One day, while he was training three Iraqi programmers and a systems analyst, somebody formally introduced the shit to the fan. Peter recalled:
"Someone called the systems analyst out, which was odd. Maybe he got called away, I don't know ... I was training the programmers I think in Crystal Reports ... and all of a sudden I heard someone shout 'get down'."
And then, suddenly, Peter's life went from this ...
... to a scene from Homeland. And to make it worse: The people shouting and waving guns around were actual police officers.
"And everyone stood up ... so I stood up also. Unfortunately when I stood up it put me next to the door ... when the door opened, there was a police officer from the Ministry Of Interior there. I recognized his uniform straightaway ... What I remember most, was actually a machine gun pointed STRAIGHT at my groin. I put my hands up. He says come on. I step outside ... and the place is awash with Iraqi police officers, probably about a hundred. He led me to the entrance ... and I saw the leader of my British security team being beaten up by five Iraqi police officers."
Peter is adamant that these were not terrorists dressed as Iraqi police: they were Iraqi police, moonlighting as terrorists. And they were beating the shit out of the badass combat veteran protecting Peter.
"I said, 'What do I do?' He said, 'Whatever they say!'"
Probably a good rule to observe around anyone jamming a gun in your face.
The police/terrorists led Peter and his four guards outside, where "20 or 30" police vehicles waited, "They put myself in the back ... the team leader in the trunk. I thought we were under arrest. Maybe there was something wrong with my ID. For some reason, I had a lot of money in my wallet, around $300. I remember they took my ID out and threw it out the window."
So Peter took his cash and tried to bribe the driver -- which is generally a fine move when being detained by crooked cops in a foreign country -- "And the guy just looked at the $300 and threw it out the window. And I'm like, that's not good."
By that, the money color, and Peter not passing "Go" we're guessing they were playing by Monopoly-style terrorism rules.
The average per-capita income in Iraq is around $4,000, meaning Peter's bribe was a solid month's salary.

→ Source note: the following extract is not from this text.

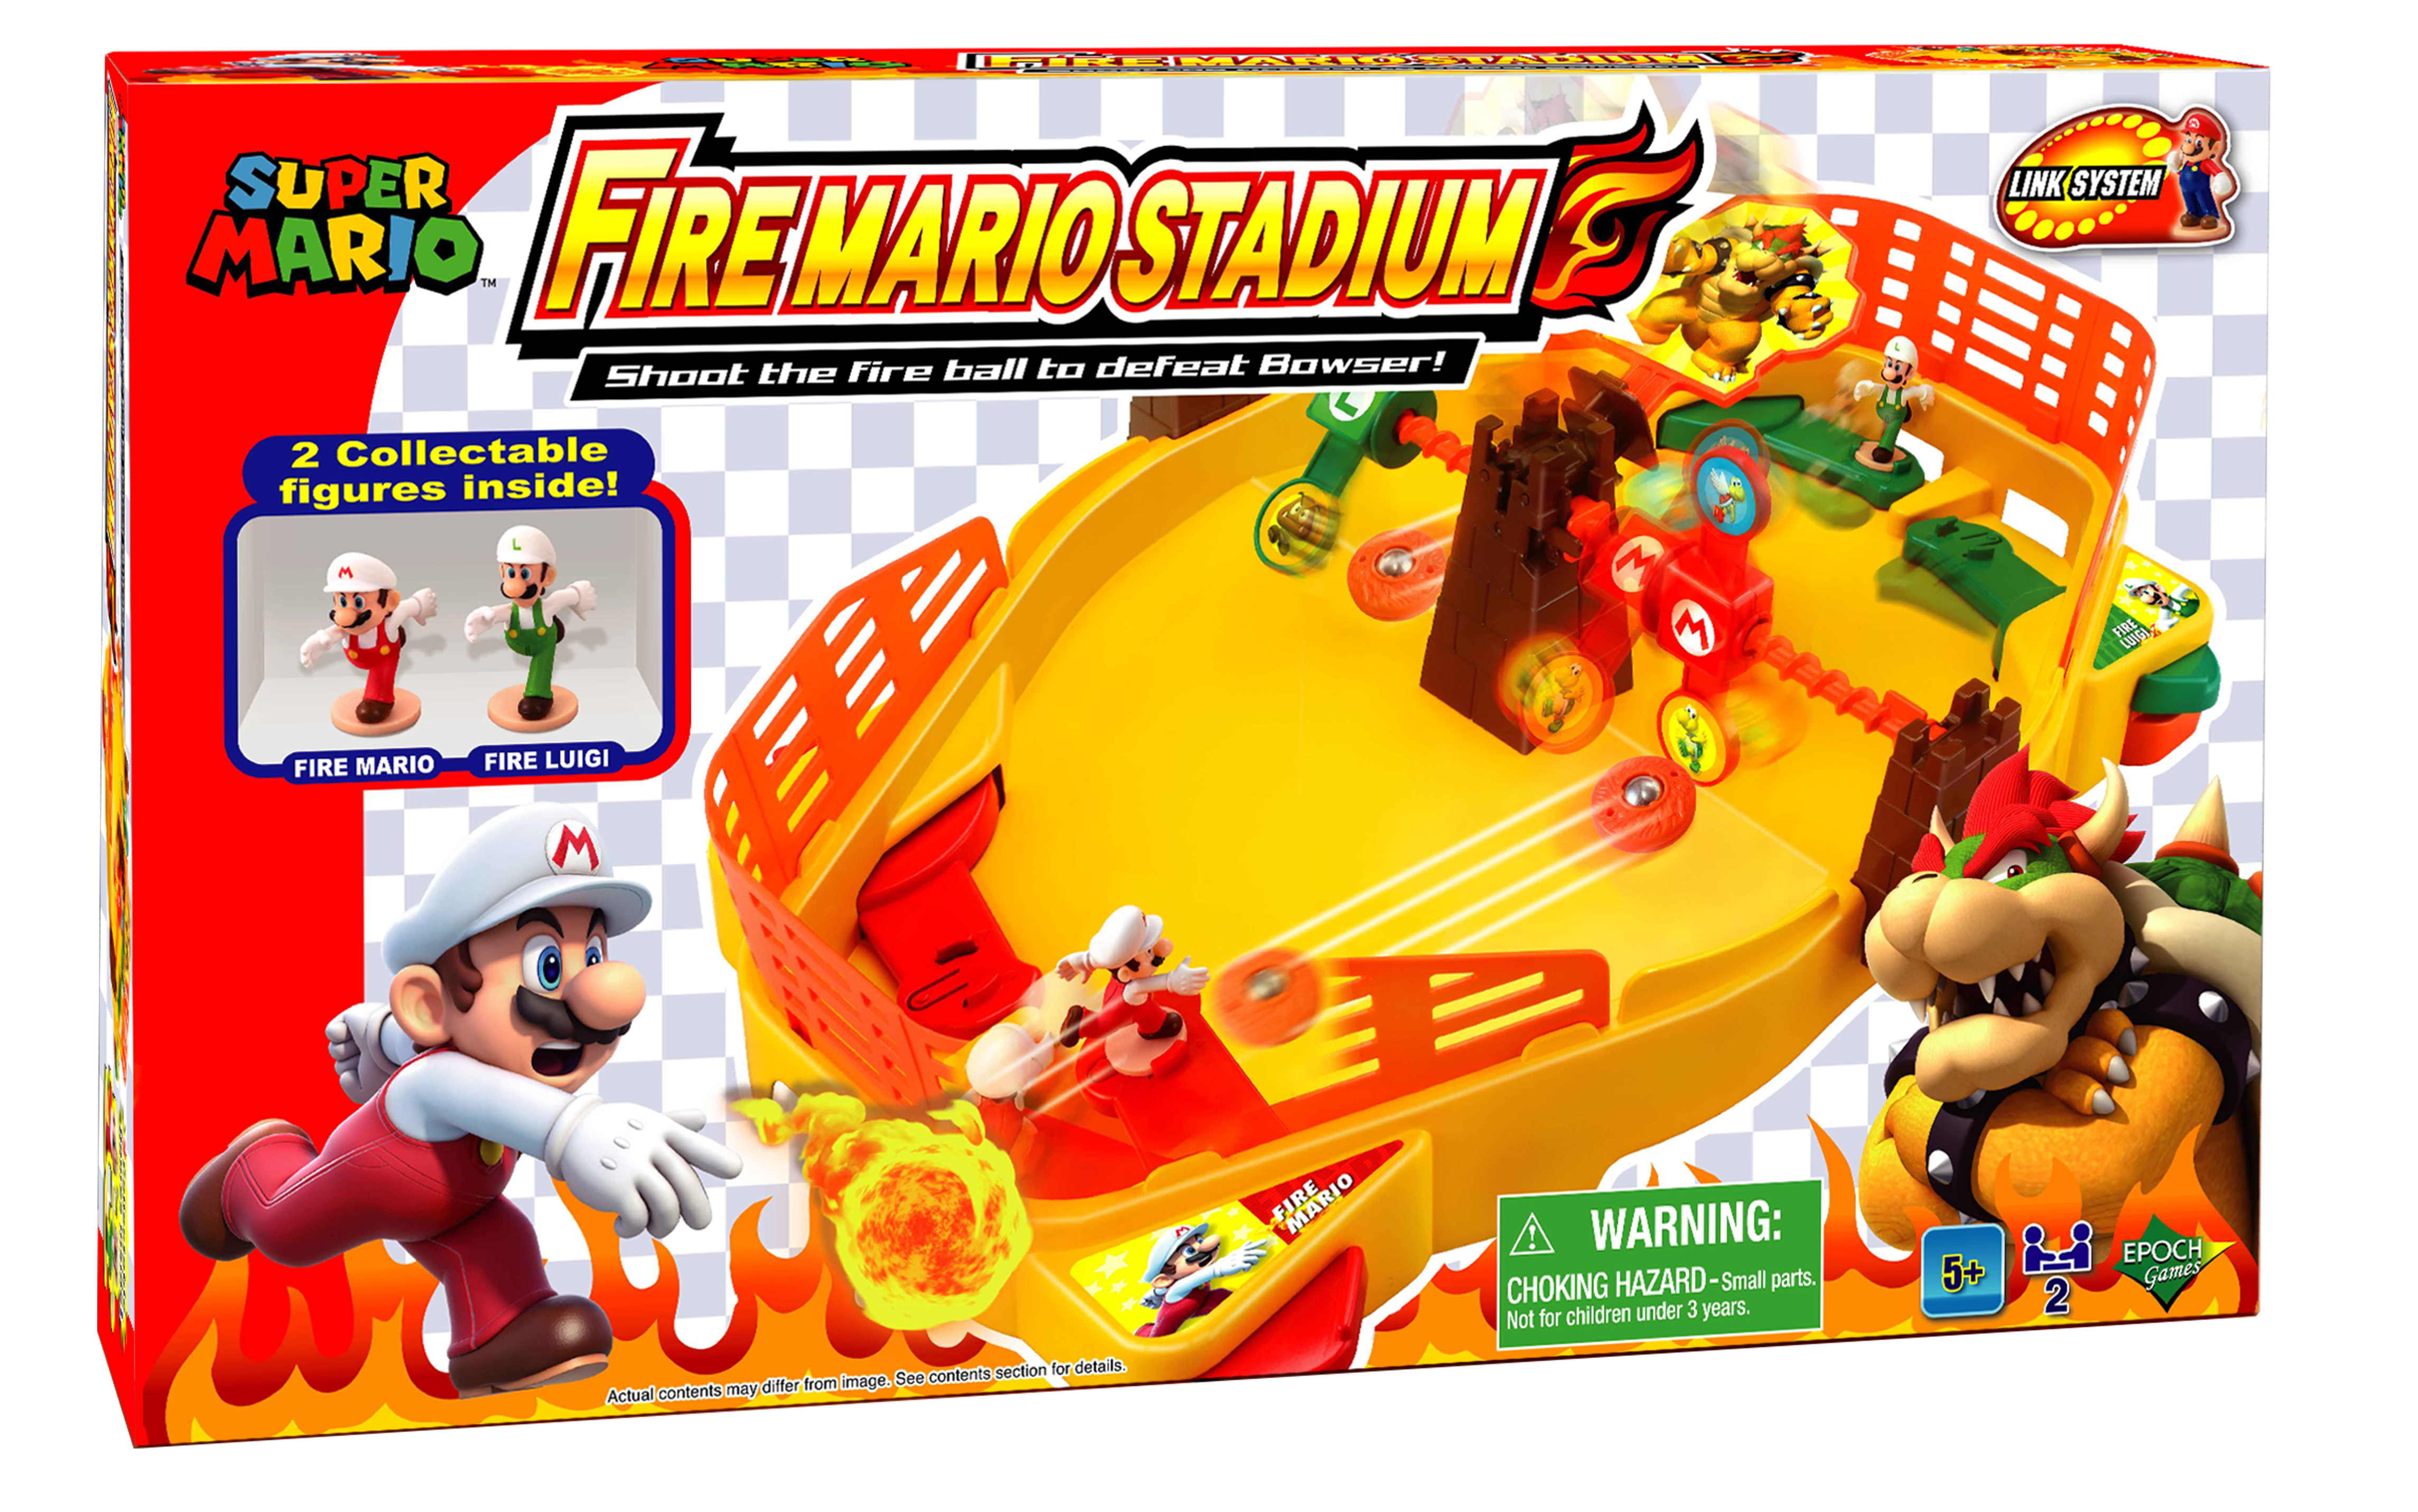 Fire mario stadium - Super Mario

The fact that his captor tossed it out the window no longer qualified as 'a bad sign.' It was a nightmare billboard.
"And then they started taking my clothes off and throwing them out the window, and that's when I realized it was abduction. I remember them throwing my steel-toed boots out the window and thinking, 'I hope that didn't hit anybody.'"
Because, even being kidnapped, Peter's a pretty nice dude.
Then They Smuggled Us To Our Prison
The next few hours were pretty confusing. Peter and his guards were taken out into a marketplace, shoved into a minivan, driven around a bit, taken into a building, tied up, driven around again, and taken back to the same room. They were loaded into another car, driven 10 or 15 minutes, and set up in a basement filled with straw bales.
"We sat in this basement for maybe an hour. We get water poured on our head. Then they walk me to a stretcher, get me to lie down on a stretcher, then they wheel me into a truck -- it's a big army truck." Had Peter been played by Arnold Schwarzenegger, this would be the point where he uses his own enormous schlong to strangle the nearest captor, then kill the rest of the terrorists using nothing but his bare hands and a series of increasingly painful puns. Unfortunately, this was reality, so ...
"I on my side and I break a rib, I hear my ribs crack."
Because no day is ever so bad it can't get worse.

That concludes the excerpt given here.